Limited Partnership (LP). There are two types of partners under a limited partnership. A general partner has managerial control over the business and the authority to bind the business to contracts or debt. The general partner is liable for the debts of the partnership. A limited partner on the other hand does not have managerial control over the partnership. The limited partner’s liability for the debts of the partnership are limited to the amount of his or her investment in the partnership. There may be multiple general partners or limited partners within a limited partnership.

Limited Liability Partnership (LLP). In a limited liability partnership, all partners have managerial control and the authority to bind the partnership to contracts or debt. However, each individual partner’s liability for the debts of the partnership are limited to the amount of the individual partner’s investment in the partnership.

Limited Liability Limited Partnership (LLLP). A limited liability limited partnership starts out as a limited liability partnership but later files with the Secretary of State to become an LLLP. Under a LLLP, the business has both general partners and limited partners. The general partners have managerial control and can bind the business in contracts and debt. The general partners’ liability for the debts of the business are limited to the amount of their investment. The limited partners do not have managerial control and act more like passive investors rather than actual partners.

III. Limited Liability Company (LLC)

Like a corporation, the owners and managers of a limited liability company are not personally liable for the debts of the business. Unlike a corporation, the LLC structure offers tax benefits by way of pass through taxation in which profits and losses of the business are reported on the owners’ personal income tax. However, an LLC may elect to be treated as a C-Corporation if its owners wish to do so. The LLC structure also allows for greater flexibility in management of the business, which can be in the hands of business owners/LLC members, appointed managers, or appointed directors. The protection and flexibility of the LLC have made it a popular choice among business owners in Ohio, particularly for businesses with just one owner.

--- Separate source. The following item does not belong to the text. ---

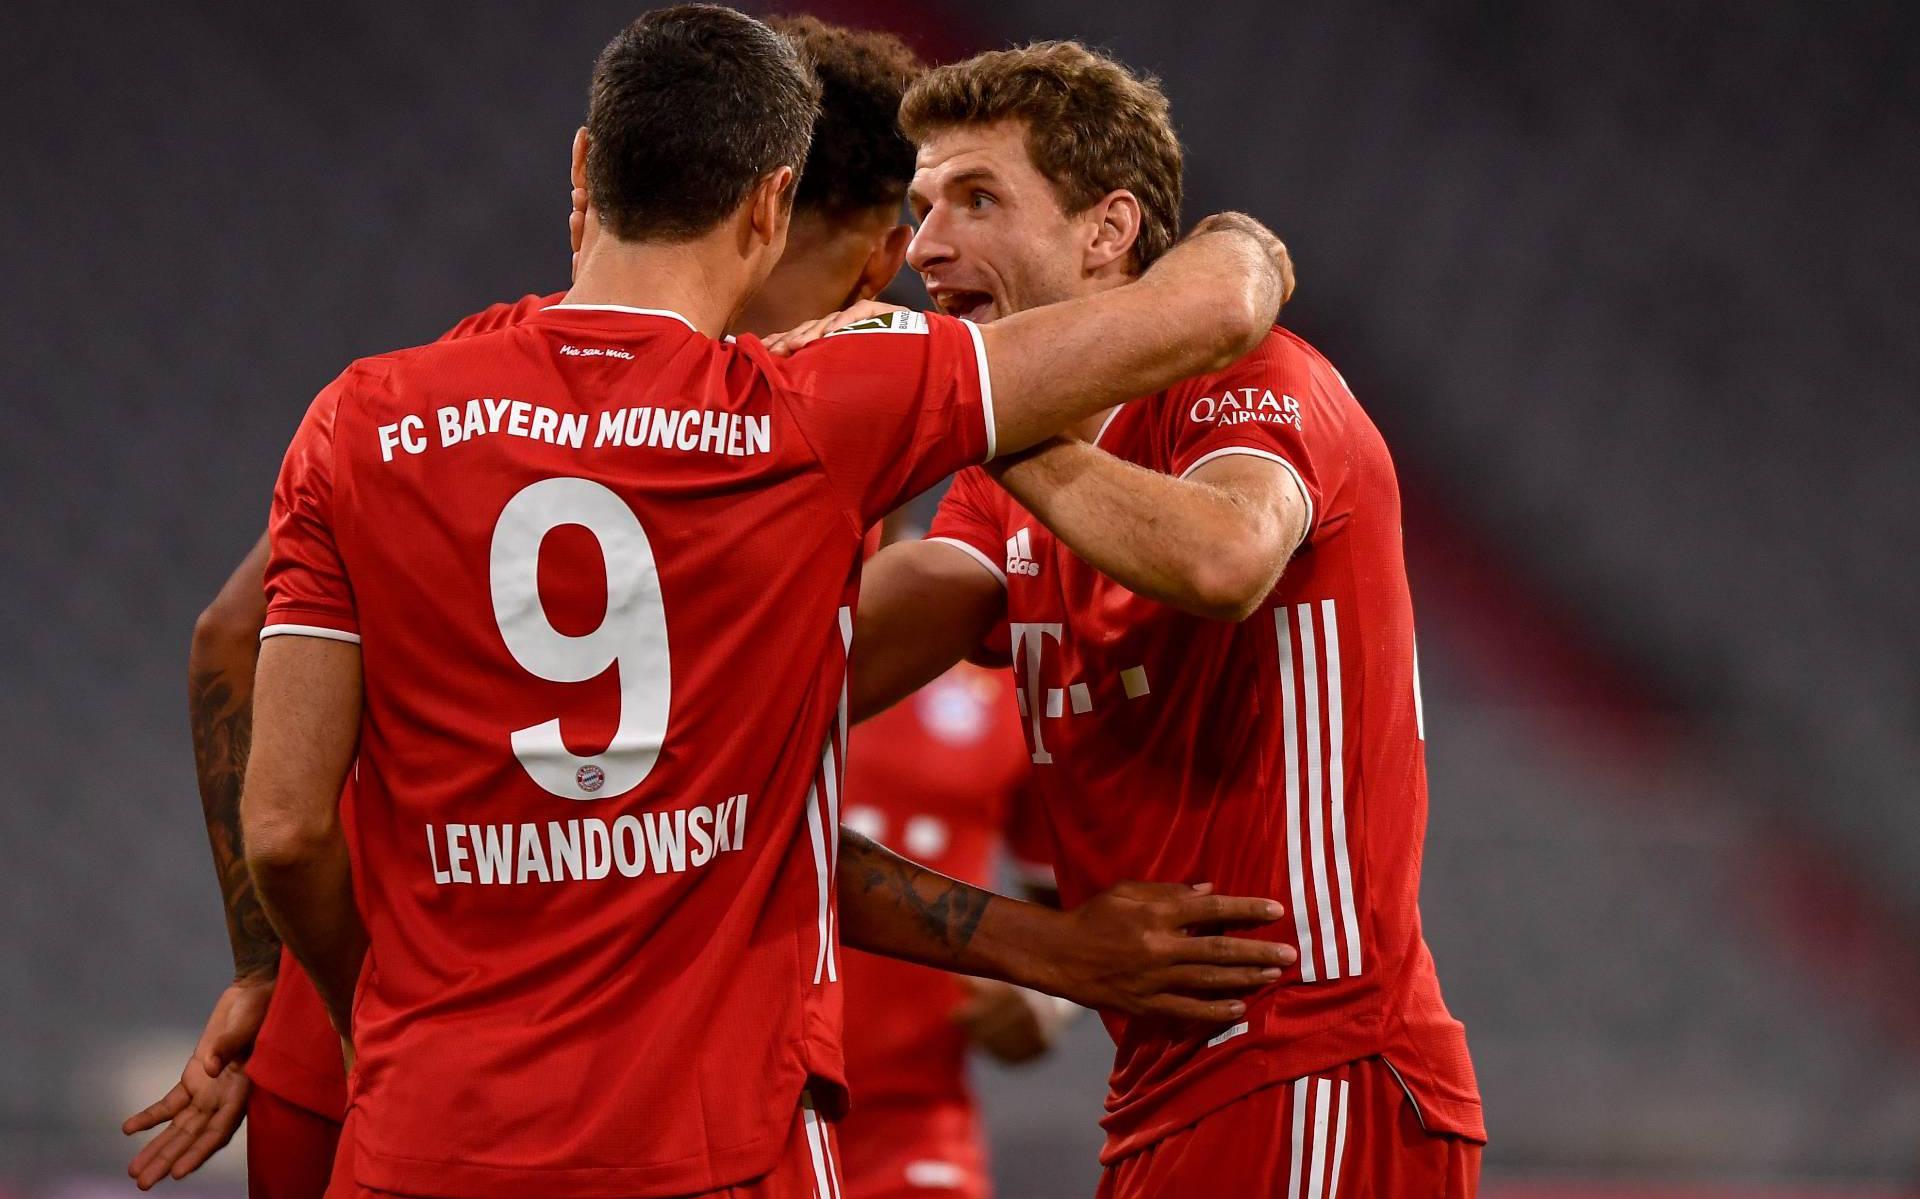 Lewandowski leidt Bayern met vier doelpunten langs Hertha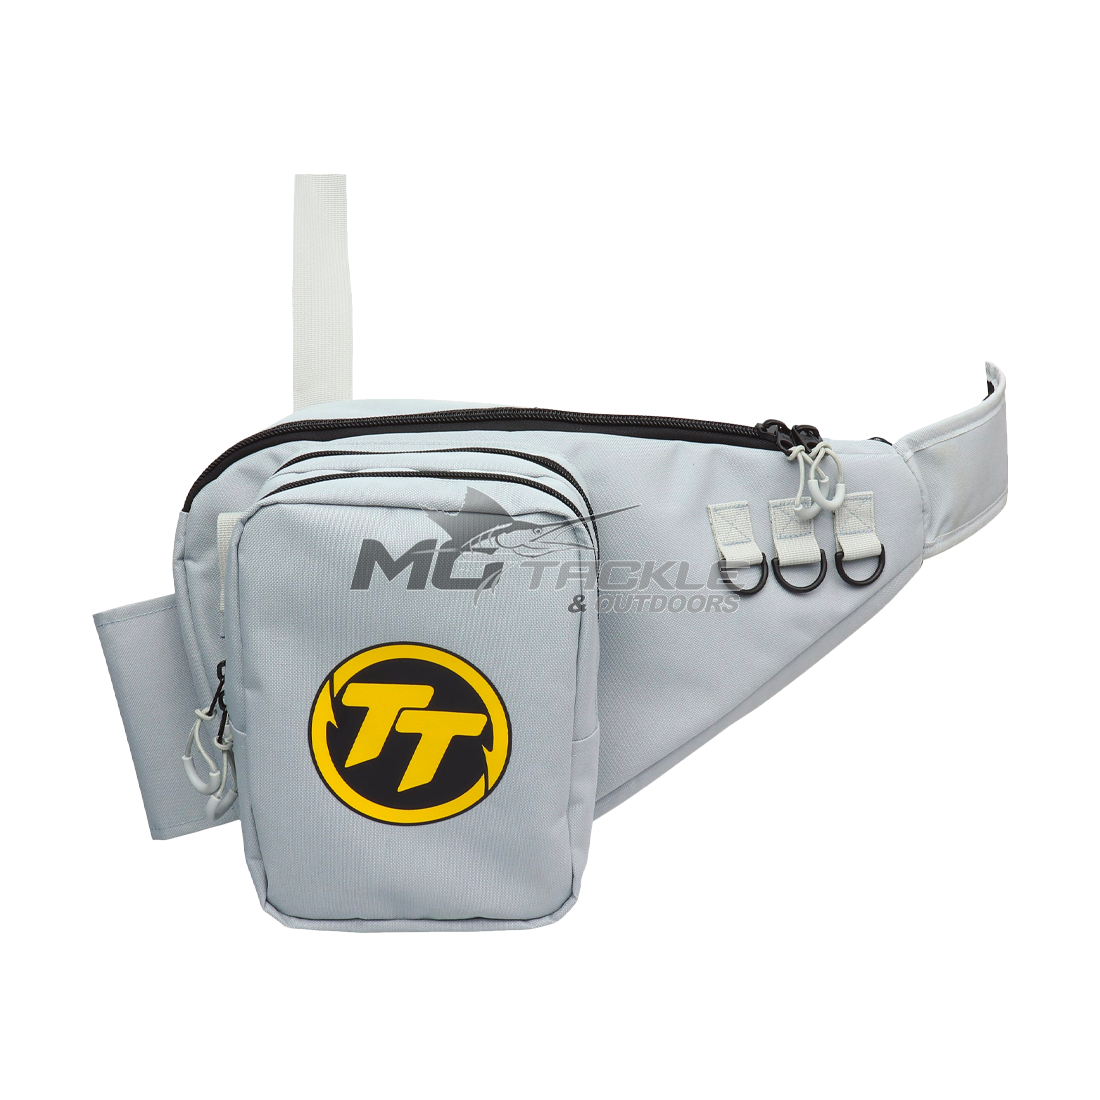 TT Tackle Sling Bag  MoTackle & Outdoors

Failure to establish one of the above business entities will result in the business being deemed a sole proprietorship or, if there is more than one owner, a general partnership. Under these structures, little to no distinction is made between the business and its owners, thereby providing no protection for the owners. All liabilities of the business, including tax liabilities, will be the liabilities of the owners.

Finally, merely filing the required documentation to form a business entity will not automatically provide business owners with the protections ordinarily afforded by the business entity structure. Rather, business owners must follow established corporate and business formalities and best practices.